The global autonomous ships market is projected to reach $13.85 billion by 2034, driven in the U.S. by the Navy's ongoing large-scale investments in USVs. But the real story is no longer just market growth. It is operational urgency.

Withing the span of only two months, the Strait of Hormuz produced two defining demonstrations of maritime autonomy. One showed how autonomous surface vessels can save lives through personnel recovery. The other showed how they can deliver combat effects against strategic military targets. Together, they demonstrate that maritime autonomy has entered a new phase of operational maturity.

That is the larger shift now underway.

The leaders of the future will not be defined only by who owns the largest platforms or spends the most money. They will be defined by who can build integrated, scalable systems designed for the speed, complexity, and interconnected nature of modern conflict.
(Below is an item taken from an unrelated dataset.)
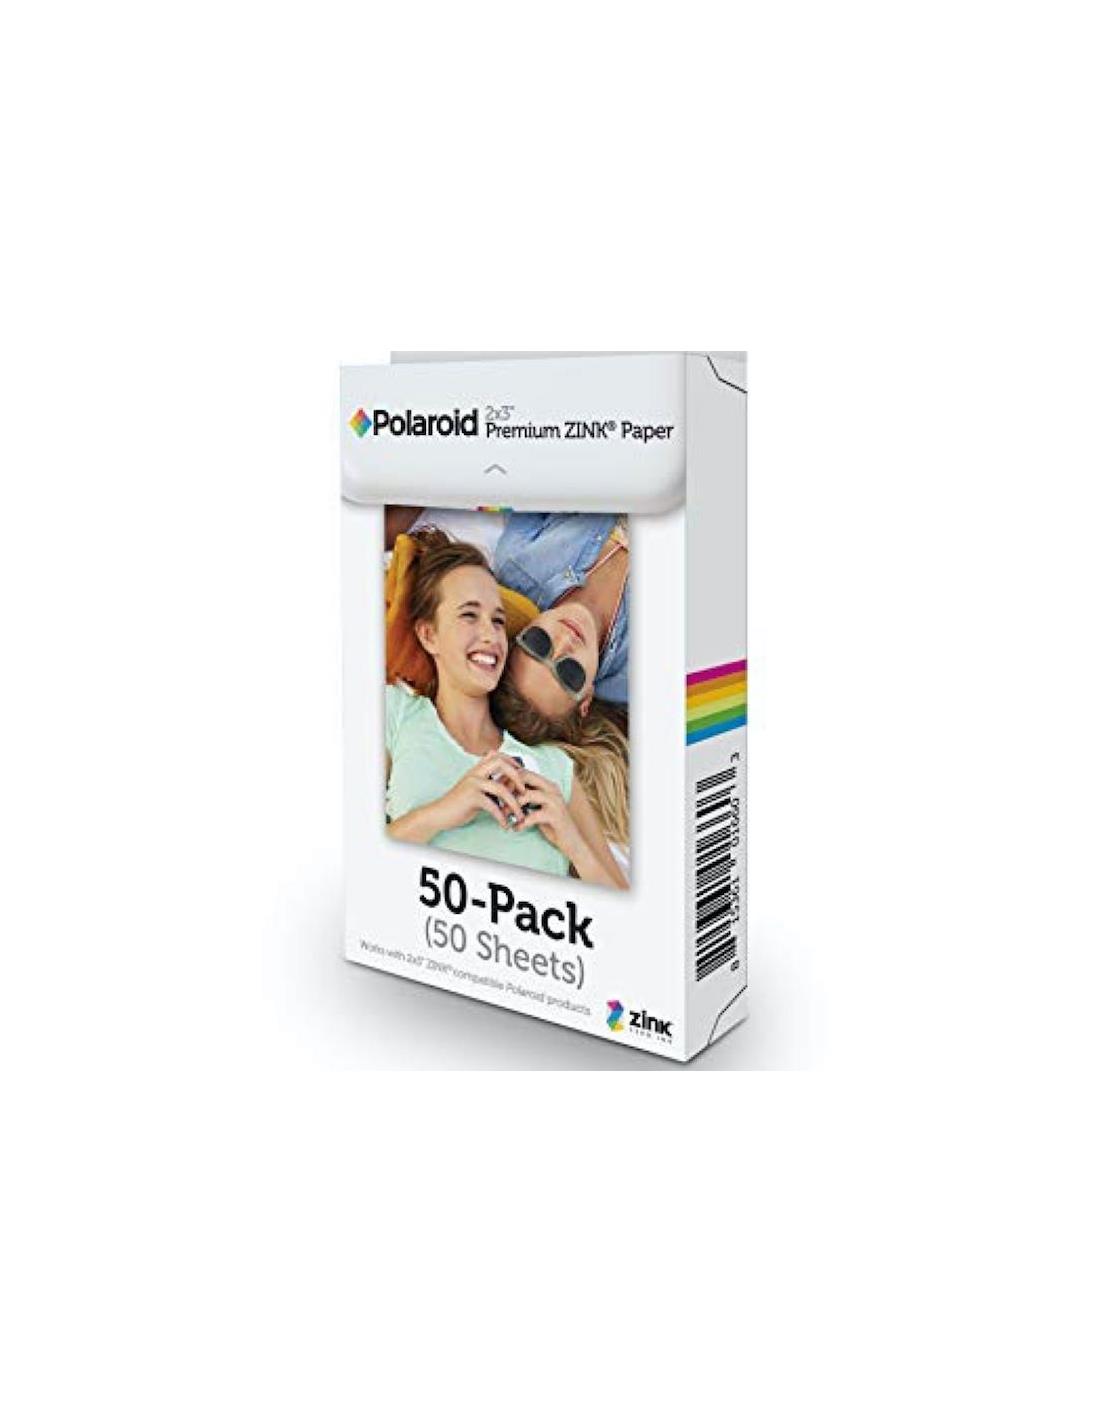 Polaroid 50-Pack Papel Zink Premium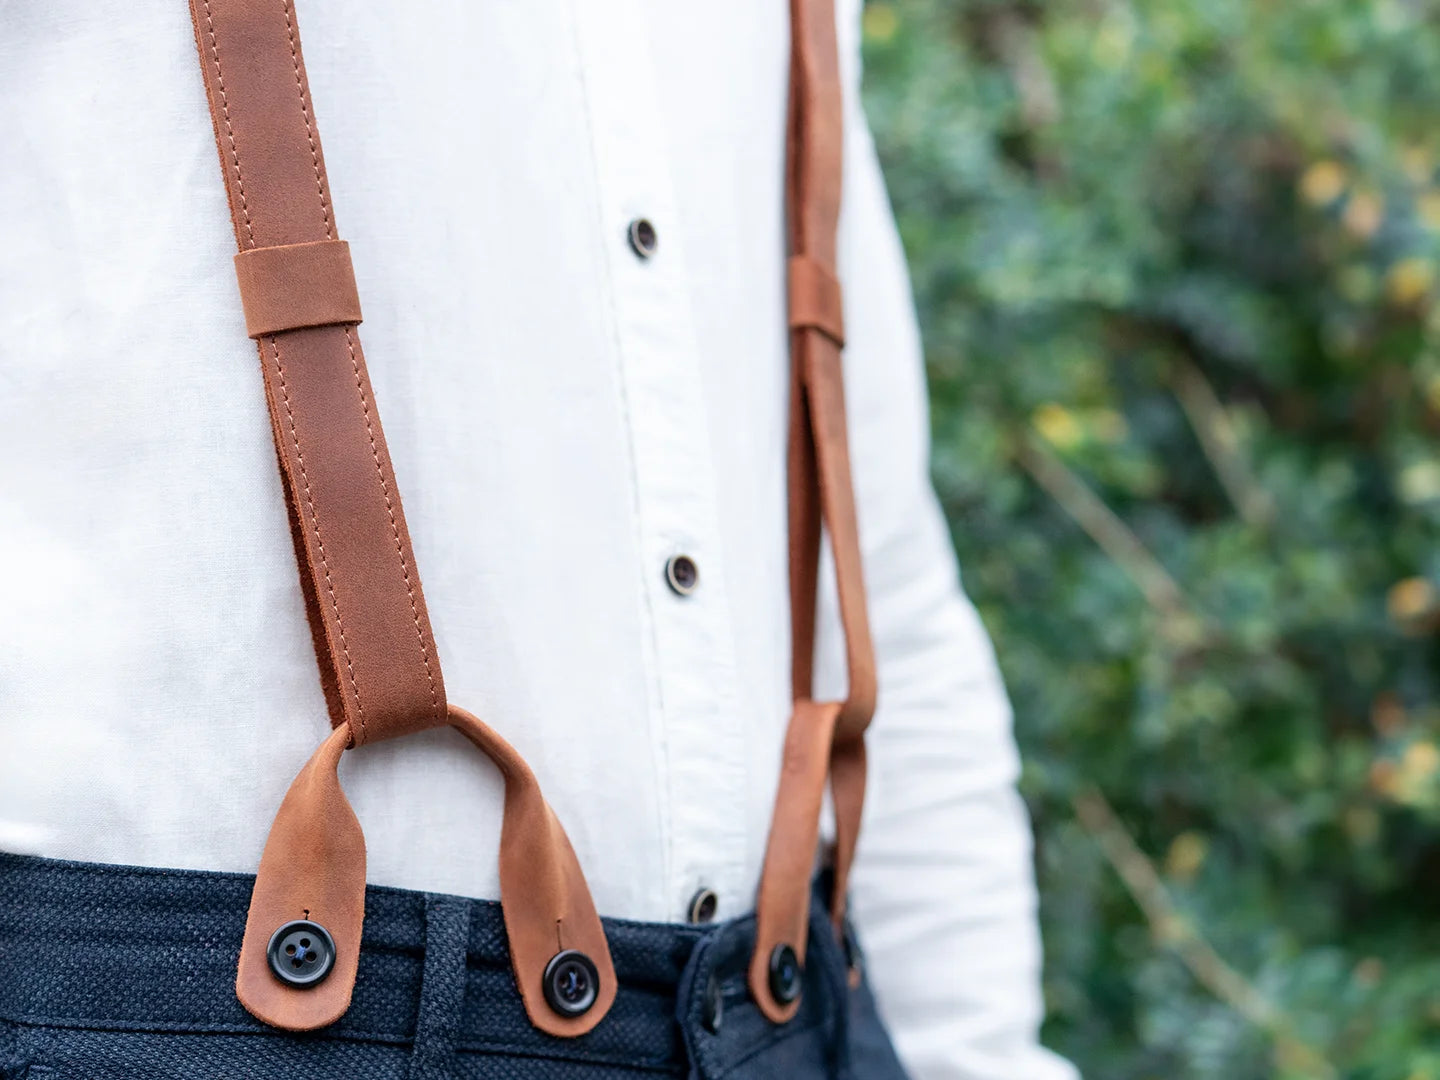 Adjustable Brown Leather Suspenders

The future maritime force will need systems that can sense, move, connect, adapt, and scale. It will need platforms that reduce risk to personnel while extending operational reach. It will need manufacturing models that can keep pace with conflict, not acquisition cycles built for a slower era.

Because in a world that is 70% water, power is not only projected at sea. It is increasingly projected, protected, and multiplied by autonomous systems operating at the water's edge.

Benjamin “Barry” Hinckley is a tech entrepreneur and third-generation boat builder, serving as president of Blue Ops, the marine USV division of Red Cat Holdings. He brings a unique combination of experience in software, marine manufacturing, and defense innovation.